Actually, I planted them for the first time this year too and I would like to know the answer. I assume that I can use the green shoots for green onions - at the price of the bulbs. But I plan on waiting until they turn brown to harvest.

Let's see what everyone else has to say.


----------



## GoatsRus (Jan 19, 2003)

Pretty funny, but this is the first year I planted them also. Waiting to see what the experts say.


----------



## jersey girl (Nov 21, 2005)

My first time also. We are no help to each other.


----------



## Marcia in MT (May 11, 2002)

Yes, I'd wait as long as possible so that the bulbs will grow as large as possible. When the tops begin to die back is fine.

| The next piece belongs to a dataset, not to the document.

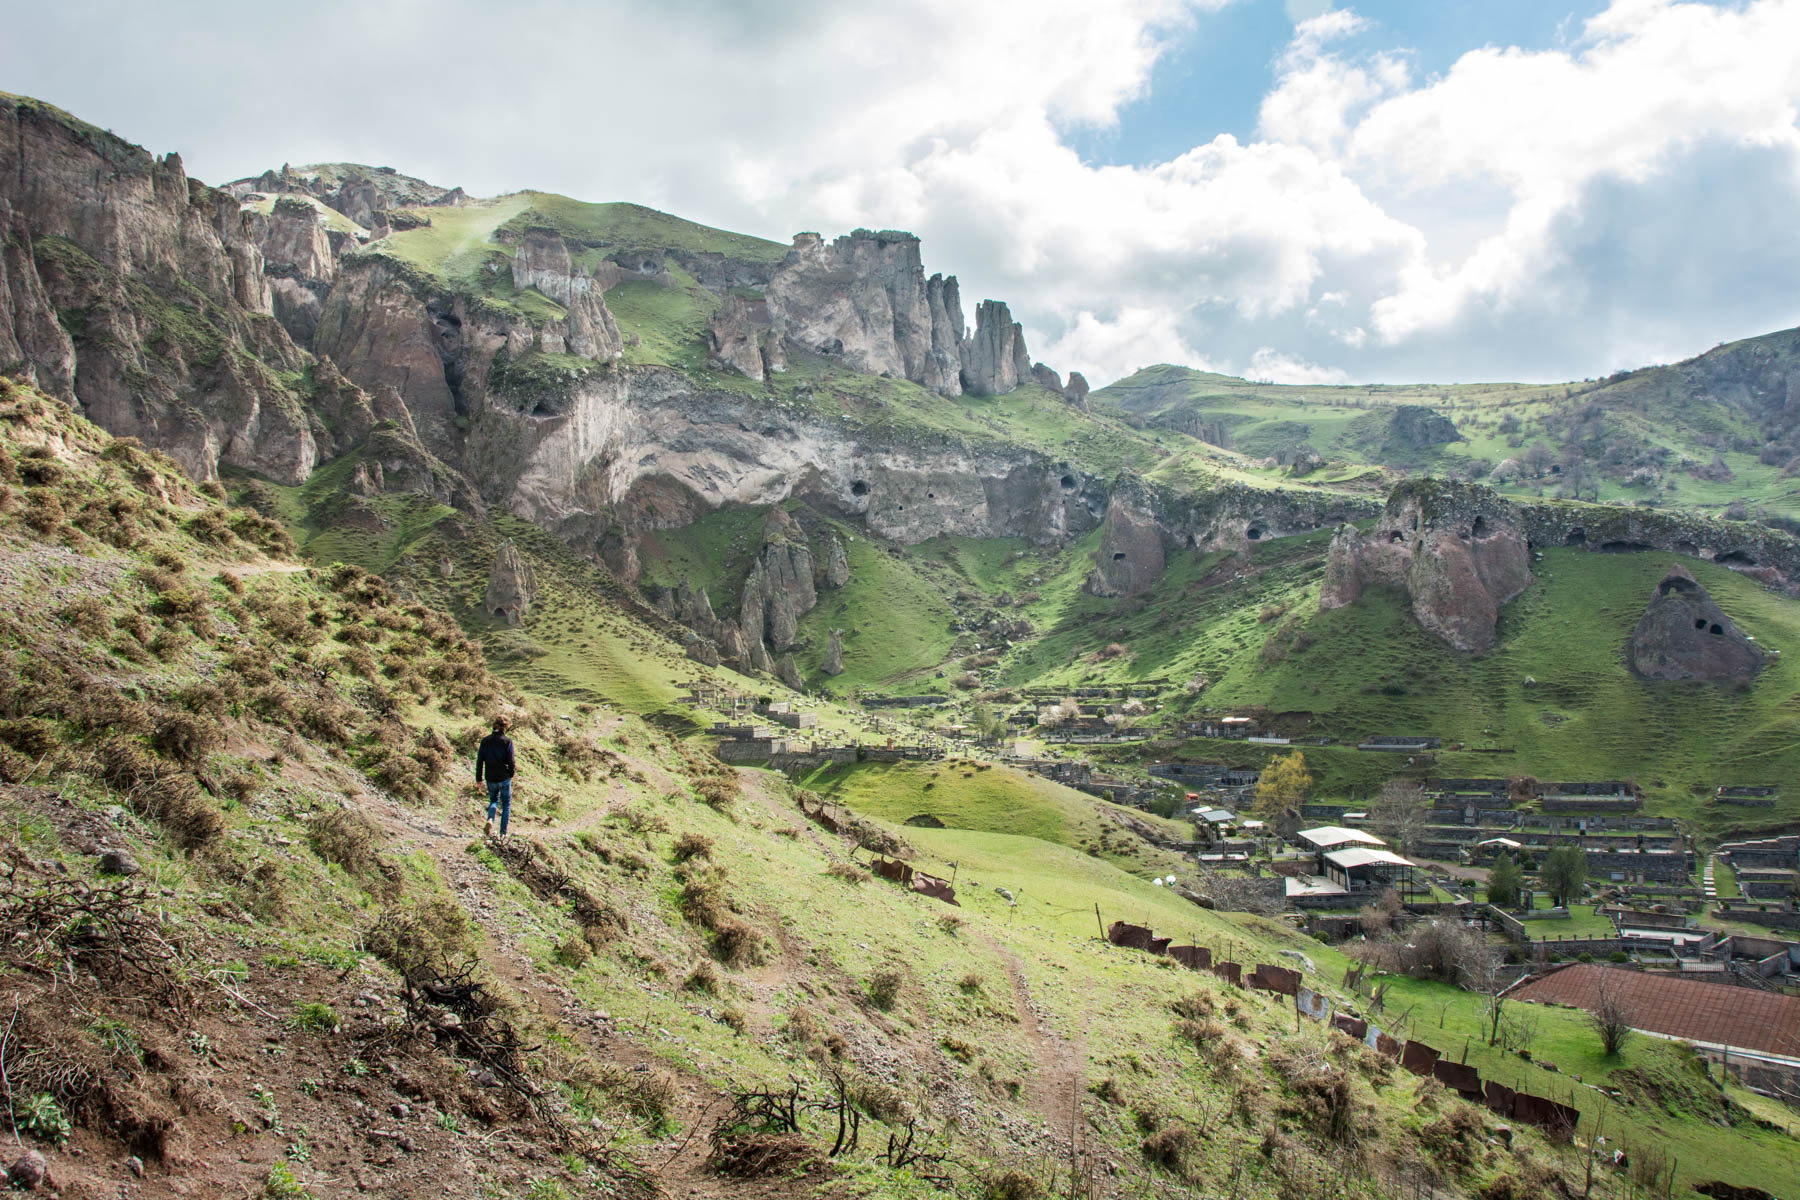 Sebastiaan exploring the rocky surroundings of Goris, Armenia - Lost With Purpose

Otherwise, peeling those teeny bulbs when you go to use them is a big pain!


----------



## ladykethry (Feb 25, 2008)

Okay, so I did a bit more research and found this:

http://www.ehow.com/how_8283_harvest-store-shallots.html

It's not from a gardening site, but it does make sense. I was curious though because it seems like they're going to stay green all summer and then I won't be able to harvest them until fall, and by that time they'll have been in the ground for nearly a year!!! That just doesn't make a lot of sense to me.

Glad to see other people are in the same confused boat!!


----------



## Callieslamb (Feb 27, 2007)

LadyK
that link was good enough for me. Thanks for posting it!


----------



## Paquebot (May 10, 2002)

I'm not confused! I simply plant them in the spring and remember to harvest them when the tops die! However, since you left them in the ground for a second season, you can forget about using them for cooking. Instead of a few nice bulbs for the kitchen, you'll end up with a lot of "marbles". But do not despair. I love to have those to plant back the next year. That's because they will only divide into 3 or 4 bulbs and they will be proper size for cooking. Just planted about 30 more yesterday to go along with 24 which are already up. Those 30 were closer to eating size than proper planting size. 

Martin


----------



## ladykethry (Feb 25, 2008)

Paquebot: oh--okay! i guess that's better than nothing!! I'm still a bit over run with shallots from last year so I suppose I can wait a bit for another crop. Should I pull them now and put them somewhere dark until planting time?


----------



## Paquebot (May 10, 2002)

ladykethry said:


> Paquebot: oh--okay! i guess that's better than nothing!! I'm still a bit over run with shallots from last year so I suppose I can wait a bit for another crop. Should I pull them now and put them somewhere dark until planting time?


If you want to eat them as green or spring onions now, they can be pulled now. If you want to save them for planting back, leave them alone until the tops die back on their own. When nothing but a few brown "tails" remain to show where they are at, then pull and cure them for winter storage. Curing is done by drying them in a shaded area.

Martin


----------